Maldar and his Khouan followers had reached the desert with their captive. For a long time they heard Monte-Cristo and his men in hot pursuit of them, but the sound, growing fainter and fainter, had finally ceased. The Sultan concluded that the Count had been misled by some fancied indication and had taken a wrong direction. He therefore gave himself no further concern in regard to him. Once in the desert he slackened the pace of his Arab steed and the Khouans imitated his example. The party rode on for several miles when they arrived at a small oasis, covered with tall palm trees, that resembled an island of verdure amid the far-reaching waste of arid sand. There Maldar gave the order to dismount. The Khouans sprang lightly from their weary horses, both men and animals going directly to the wells, where they took long draughts of the cool, refreshing water. The night was now far spent, and as the abductors of Esperance threw themselves upon the grass surrounding the wells, the first rosy streaks of dawn appeared in the eastern heavens. The horses stood cropping the verdure for a brief period, then they also lay down for rest and recuperation. Soon slumber reigned supreme, for Maldar, fearing neither pursuit nor attack, had not taken the precaution to post sentinels. The scarf had been removed from Esperance's mouth, and the son of Monte-Cristo, still wrapped in his lethargic sleep, lay on the sod beside Maldar near one of the wells. It was a wild and picturesque group, such a group as would have filled the soul of a painter with delight and inspiration.

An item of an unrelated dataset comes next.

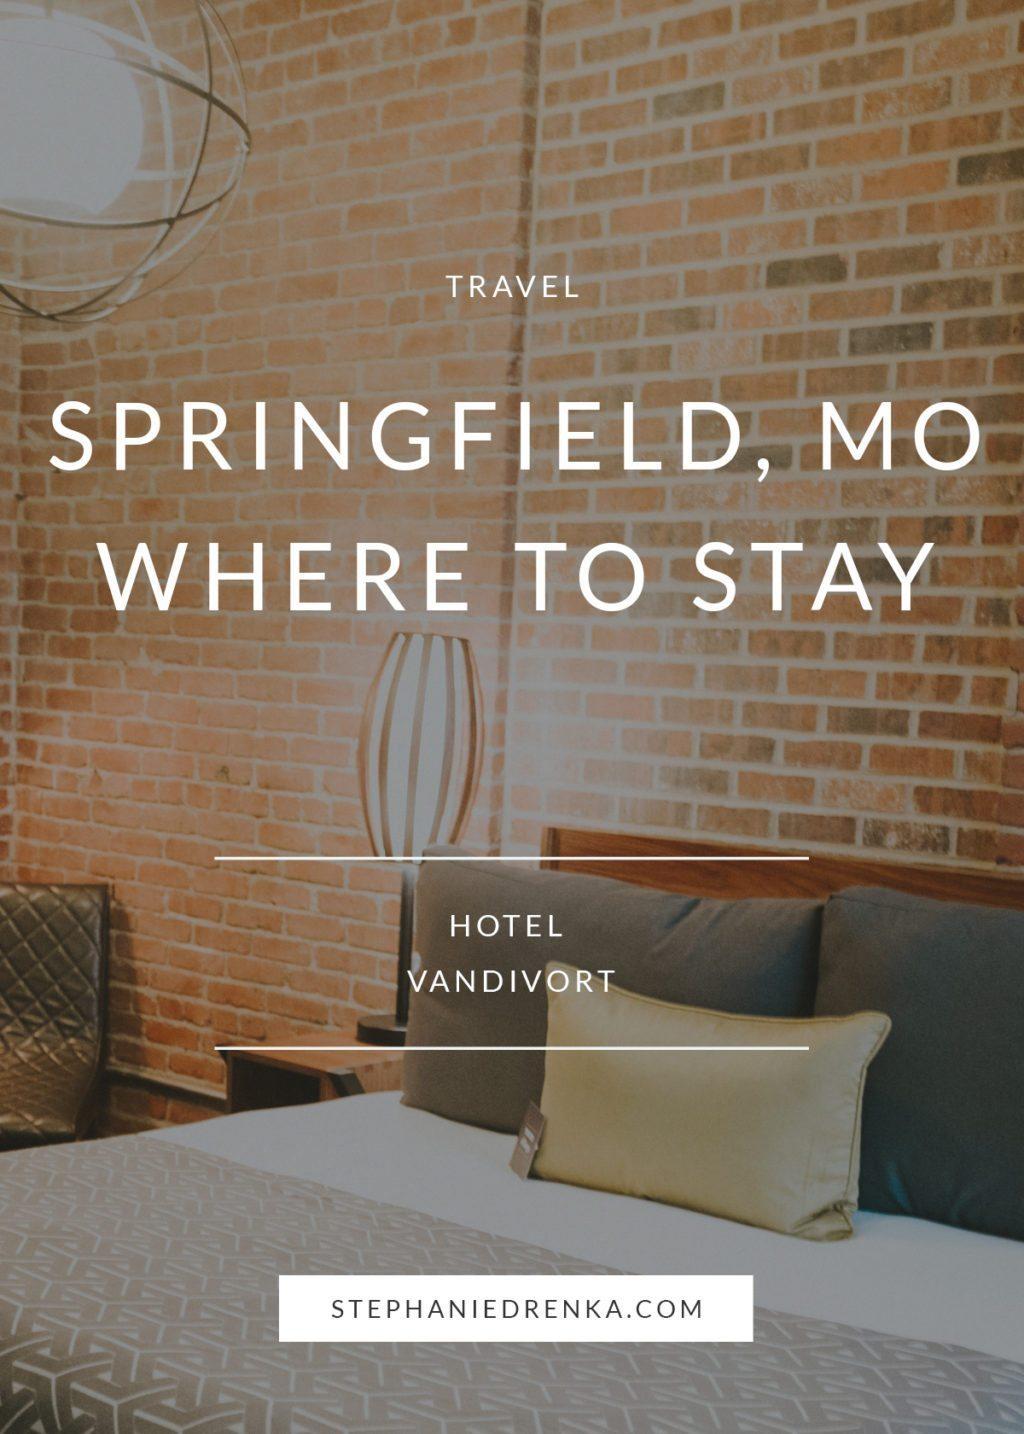 Hotel Vandivort - Springfield Missouri Boutique Hotel

As the light increased, but while it was yet vague and uncertain, giving a demoniac and supernatural cast to the group and its tropical surroundings, Esperance suddenly awoke and raised himself upon his elbow. For an instant he gazed around him in bewilderment and terror. Was he dead, and were those swarthy-visaged forms extended motionless on the grass of the oasis the forms of fiends? This thought shot through his mind and augmented his consternation. When he fell asleep he was with his father, with the dauntless Monte-Cristo, and the last faces he had seen were the faces of French people and friends. Now he was in the midst of beings of another race, in the midst of strangers. Strangers? No, for at that moment his eyes rested on Maldar, and he realized that he was again in the clutches of his remorseless foe, and that the men around him belonged to the dreaded Khouan tribe.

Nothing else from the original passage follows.